The function find_split() allows us to find the optimal feature and the best value to split the data into two chunks. Applying this to the original data set splits it into two new data sets. We can then repeat this on both of the new data sets to get four data sets, and so on. This recursion builds a decision tree. It needs a stopping condition, to prevent it from dividing the data forever, here we will use two:

Maximum depth: The tree is limited to be no deeper than a provided limit.
Perfection: If a node contains only one class then there is little point in splitting it further.

find_split(x, y) takes as input:

The data matrix of features, x in R^{nXd}. n is the number of data points and d is the feature dimensionality.
y, a column vector of size n containing the target value for each data point in x.

find_split(x, y) outputs 'best_split' which is a dictionary (see the last part of the below code) with the following keys and their corresponding values:

'feature': An integer indexing the attribute/feature chosen to split upon.
'split': The value/threshold of this feature to split at.
'infogain': A scalar representing the amount of information gained by splitting this way.
'left_indices': Indices of the exemplars that satisfy x[feature_index]<=split.
'right_indices': Opposite set of indices to left_indices.

In order to find a split, we first calculate a start entropy value for target variables and assign it as the best value.
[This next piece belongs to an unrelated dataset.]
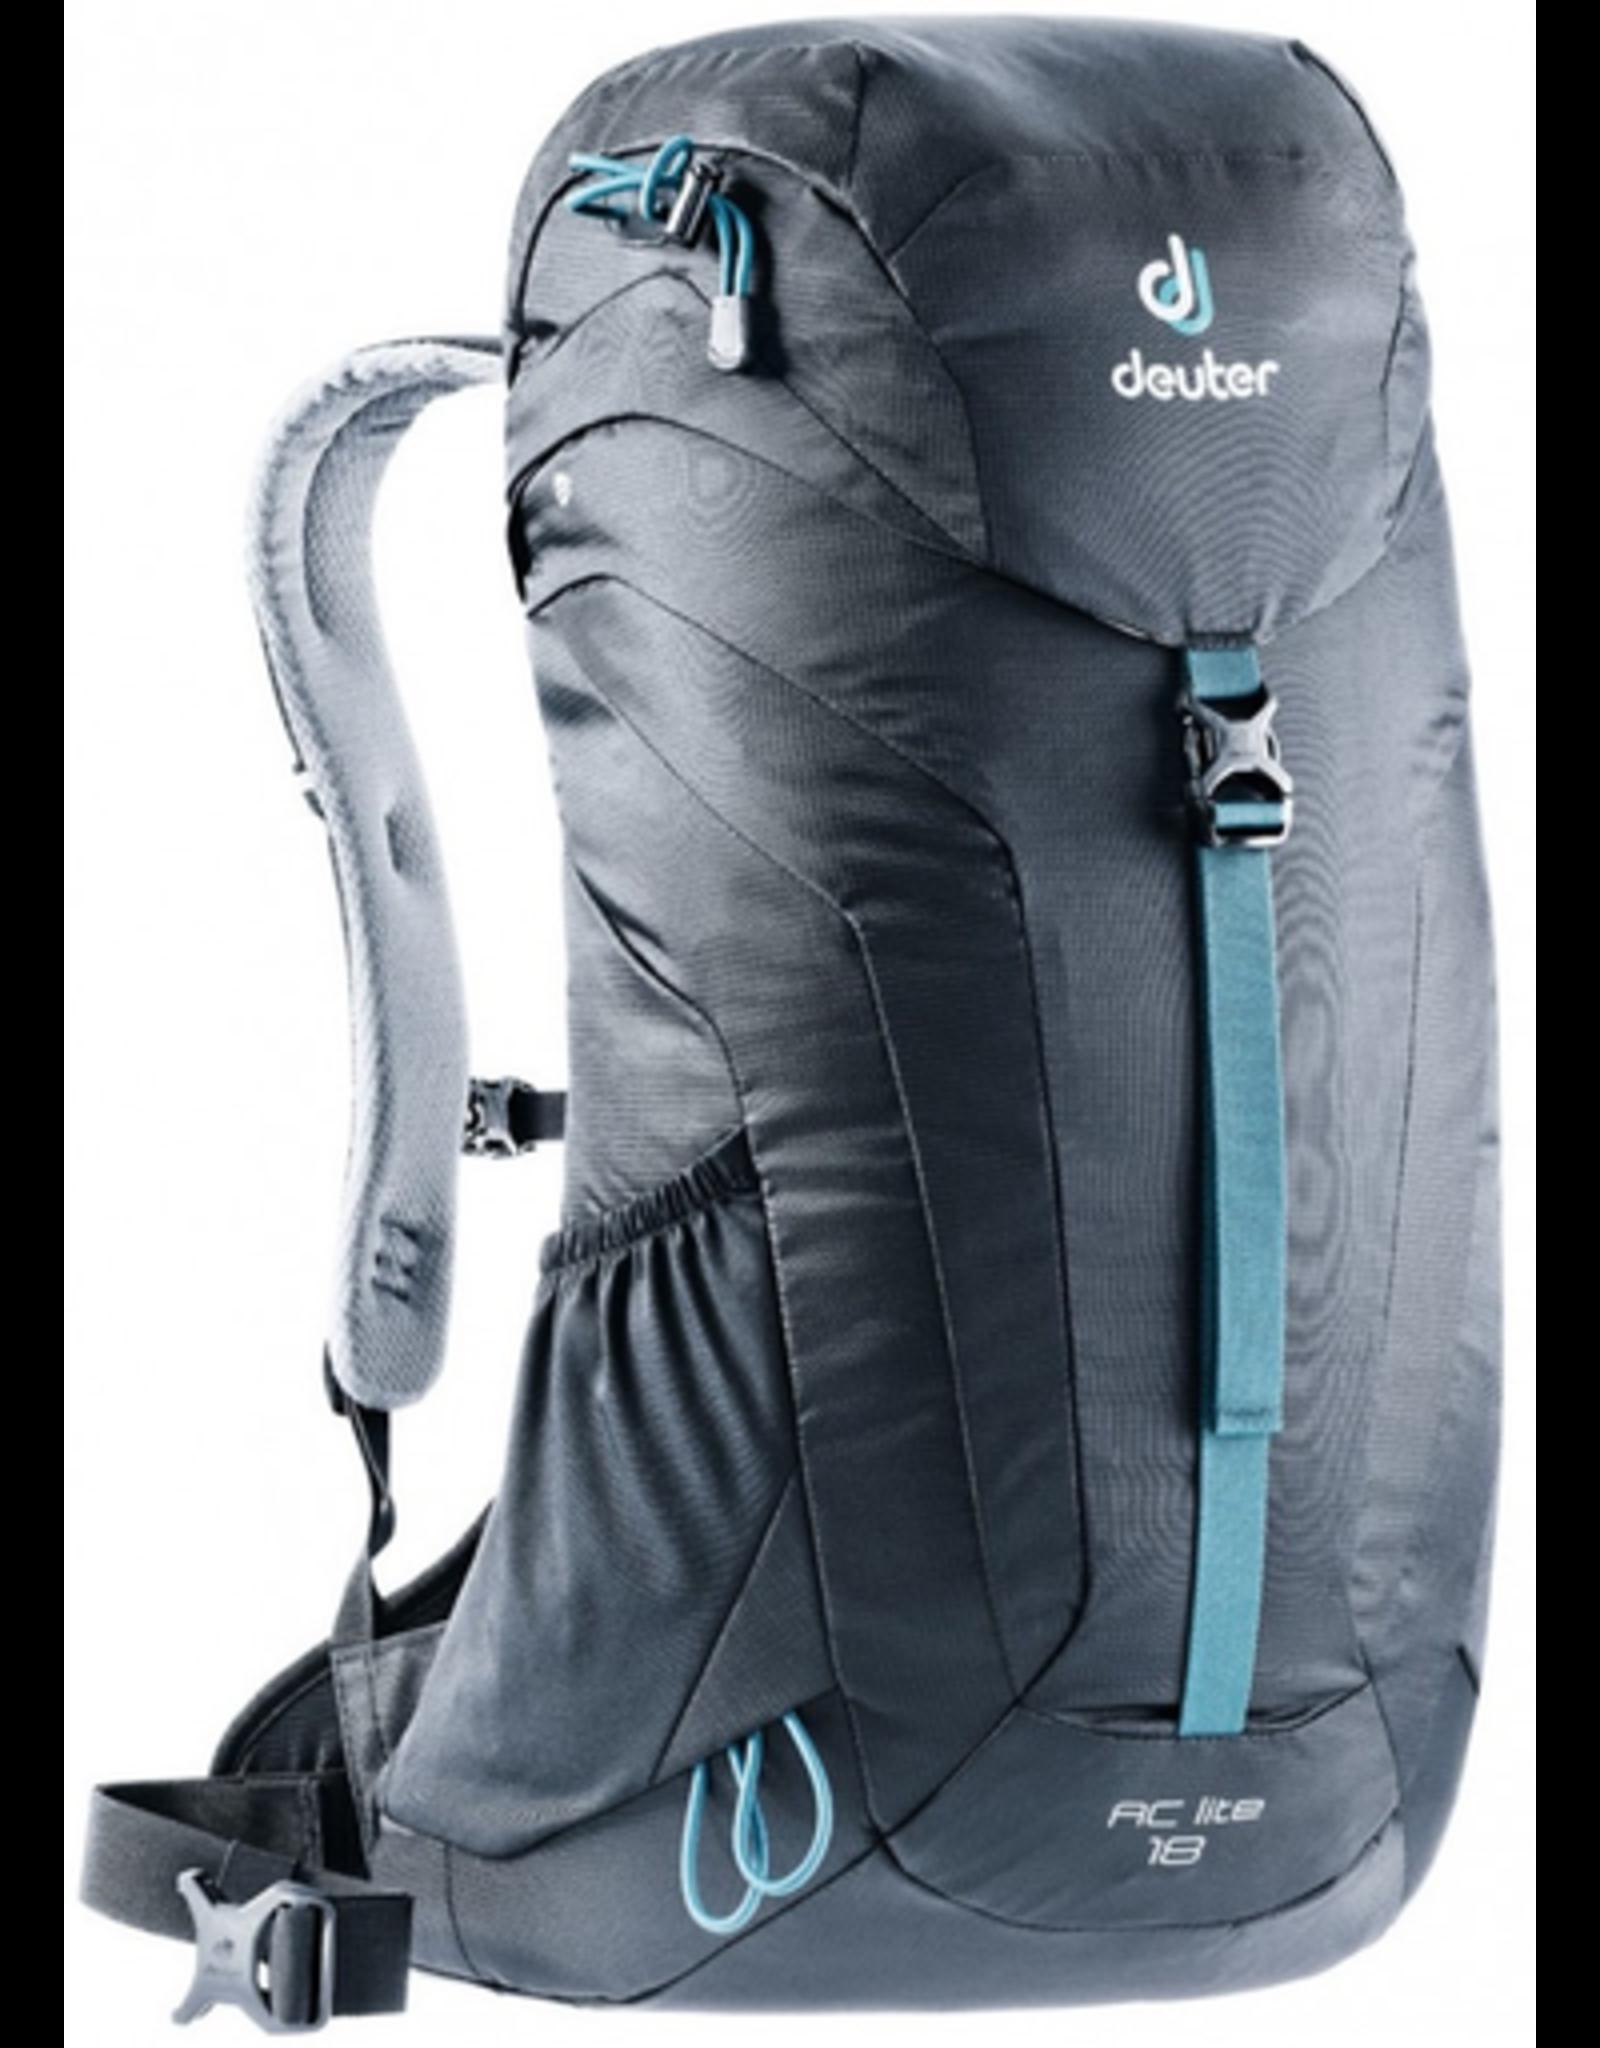 Deuter Deuter AC Lite Backpack
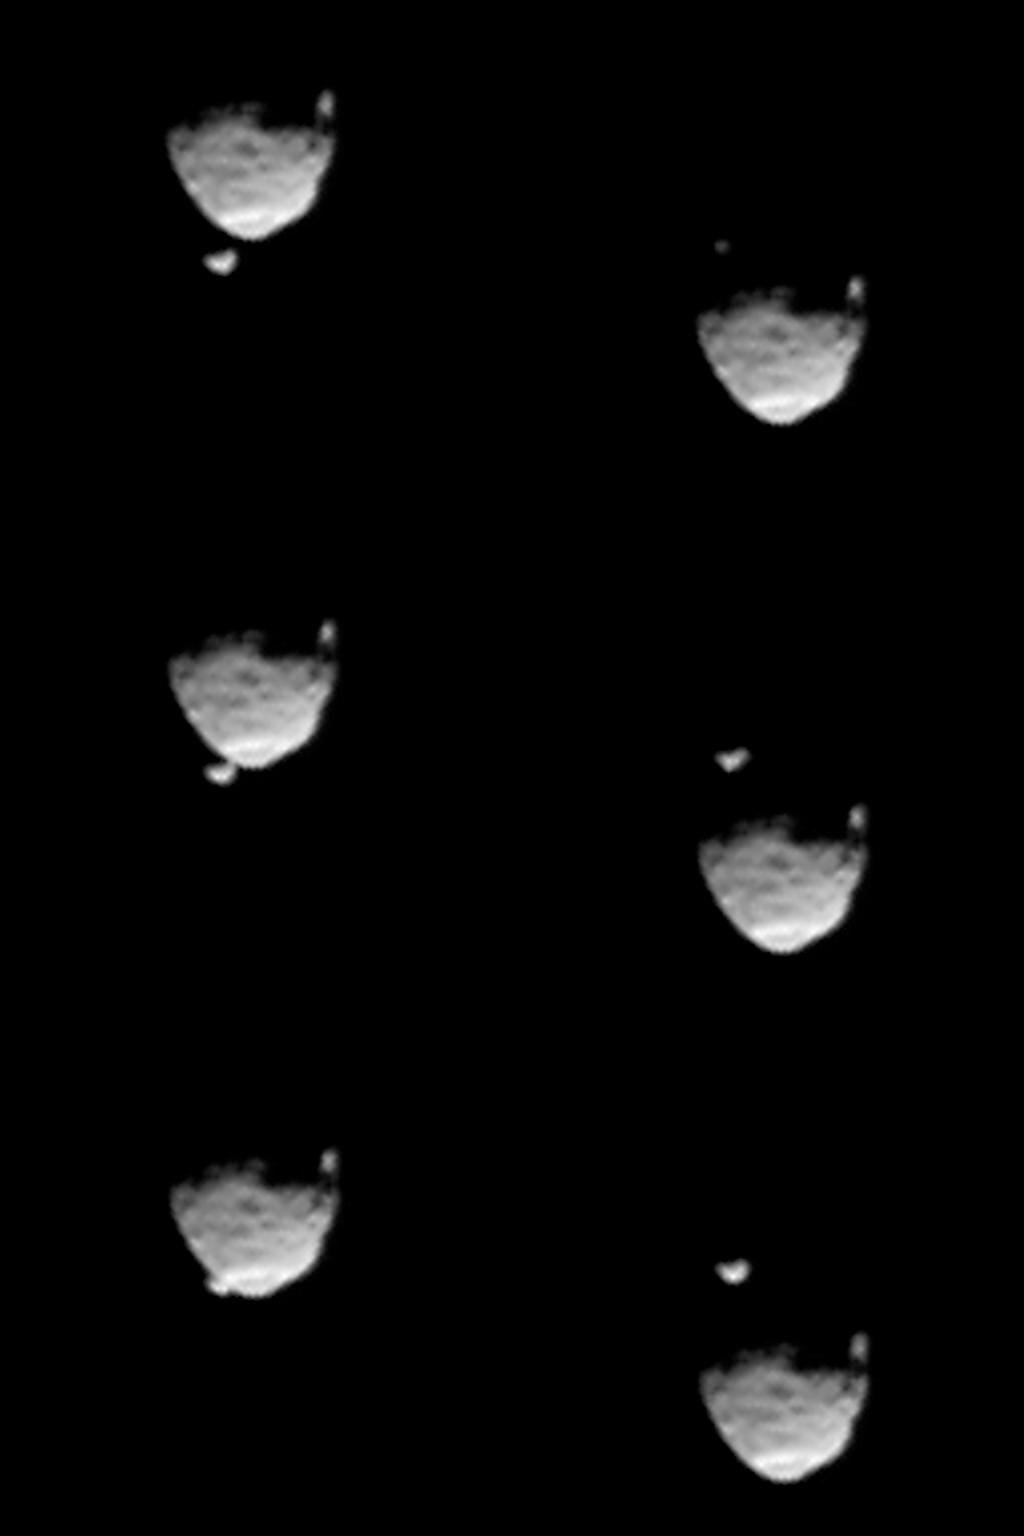 Moons of Mars: Amazing Photos of Phobos and Deimos

We find a random split and loop through the left and right branches and calculate the information gain. This process is repeated for each feature and the one with the maximum gain is selected for the split.

***def find_split(x, y):

    start_entropy = calculate_entropy(y)
    
    best = {'infogain' : -np.inf}
    
    for i in range(x.shape[1]):
        for split in np.unique(x[:,i]):
            
            left_indices = []
            right_indices = []
            
            for index in range(x.shape[0]):
                if x[index, i]>split:                      
                    right_indices.append(index)            
                else:
                    left_indices.append(index)             
            
            nl = float(len(left_indices))                  
            nr = float(len(right_indices))
            n = nl + nr                                    
            
            infogain = start_entropy - (nl/n)*calculate_entropy(y[left_indices]) - (nr/n)*calculate_entropy(y[right_indices])             if infogain > best['infogain']:
                best = {'feature' : i,
                        'split' : split,
                        'infogain' : infogain, 
                        'left_indices' : left_indices,
                        'right_indices' : right_indices}            
    return best

3. Building Tree

The function build_tree(x, y, max_depth) below constructs a tree. The inputs are:

The data matrix of features, x in R^{nXd}. n is the number of data points and d is the feature dimensionality.
y, a column vector of size n containing the target value for each data point in x.
The maximum depth of the tree, max_depth.

The output of this function is a dictionary. If it has generated a leaf node then the keys are:

'leaf' : True
'class' : The index of the class to assign to exemplars that land here.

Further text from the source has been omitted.